Treasure comes from the Greek word thesauros—which is also the root word for thesaurus.
Christmas is still weeks away (thankfully), but a dear friend has already given me a precious gift.
She’s about to move into a new house and is sorting through her belongings to separate trash from treasure. When we met for brunch this Sunday, she brought me one of those treasures.
What I received was a 9x12 envelope addressed to my friend in my handwriting. She pointed out the date stamp of June 3, 1985. Amazing to realize, that was half my life ago. Inside the nearly quarter-of-a-century envelope were four of my short stories and the opening chapter of a novel that I can’t even remember now if I ever finished.
I quickly flipped through the yellowing manuscripts, skimming the title pages, two of which I didn’t even remember. Brown rust stains surrounded the old paper clips. Corrections and additions were added by hand. There were also several different typefaces, indicating the various typewriters I had used to write the stories. (You know, back in the old days when we didn’t have computers on wireless, pocket-sized phones.)
The package also contained a hand-written letter on yellow legal paper—my favorite stationery at that time. Now anyone who’s ever tried to read a hand-written note from me knows how long it takes to decipher.
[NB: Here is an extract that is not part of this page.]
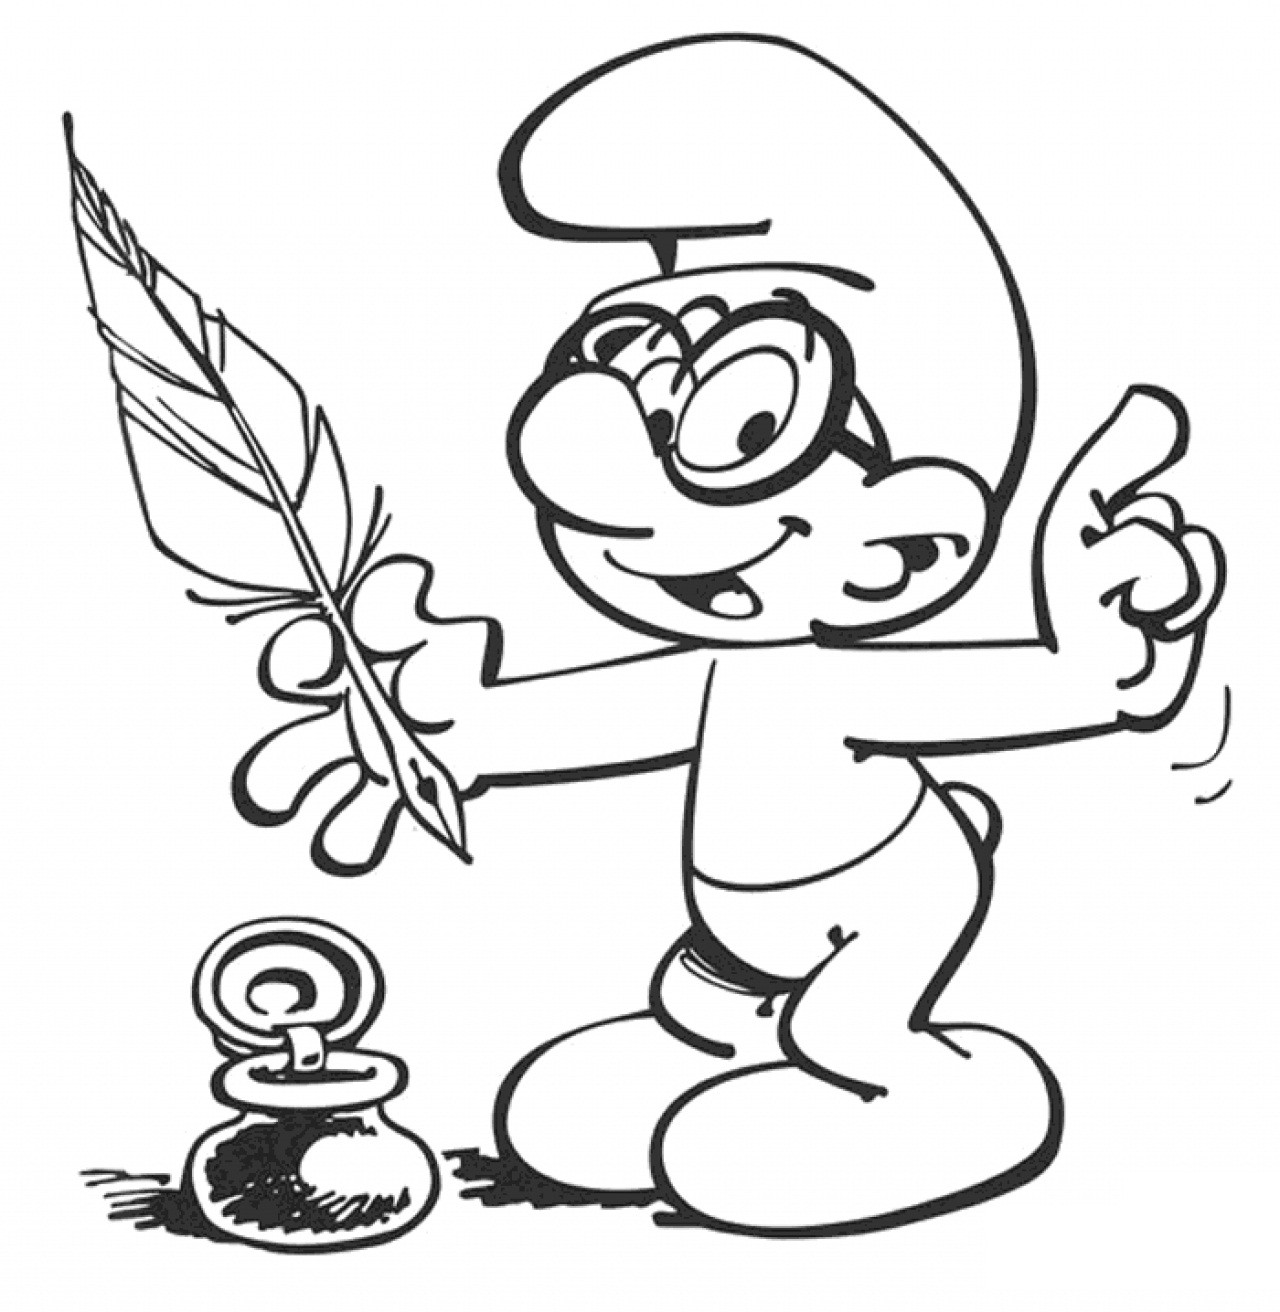 20 Best Smurf Coloring Pages.

So I put the package aside to examine later and went out to have a fabulous day of communing with many of my favorite people.
It wasn’t until later that night that I realized how special this time capsule really was.
The letter I wrote to accompany the birthday package of manuscripts was penned just hours before probably the most dramatic, life-changing day of my existence. My words chronicled what I was feeling right before this seismic shift.
The events leading up to the letter began in mid-March of that year. I went to San Francisco to visit my friends and scheduled a few interviews with ad agency creative directors while I was there. The first three interviewers saw my potential, but suggested I get more experience. The fourth one offered me freelance work, but I didn’t have the nerve to move across country without the promise of a steady job.
So I went back to Ohio and found another job that would broaden my work horizons. The day I sent in my acceptance letter (how quaint that sounds now), I got a call from the fourth creative director. He was checking to see if I was still interested in a job in SF and if so, could I possibly fly out to interview with the big boss. Ummm, yes and yes. One tiny sticking point, however, and I went on to explain about my other offer and how I didn’t want to string along this perfectly nice company. We finished our conversation that Friday with his promise to see what could be done to accelerate my hiring.
Early that Sunday evening—apparently just moments before I started writing the letter—my potential boss from the Columbus job called to ask if I would mind if my first week of work consisted of flying to New York City to observe a TV commercial being shot for the company. Ummm, no, I had no problem with that.
So that’s where things stood when I wrote to my friend. I’m guessing that I mailed the package during lunch the next day, which forever preserved the date for me. By that evening, the news the letter contained was already out of date.
When I returned home from the job I was about to leave no matter which suitor I chose, I got a call from San Francisco. My thundering heartbeat made it hard to hear the voice saying that there was no need to fly me out for another interview. Could I just start in two weeks?
There are not enough words in the thesaurus to describe the thrill—and the power—that I felt in that moment. It was an exhilarating rush of “I did it!” joy.
Touching this golden relic of my personal history transports me back to that period of triumph. More importantly, it reminds me of how much I want to create my next “I did it!” moment.
So my deepest thanks to my friend for this incomparable gift. Or should that be unrivaled gift? Unparalleled? Unique? Without equal?
Well, whatever the thesaurus says, it’s treasure to me.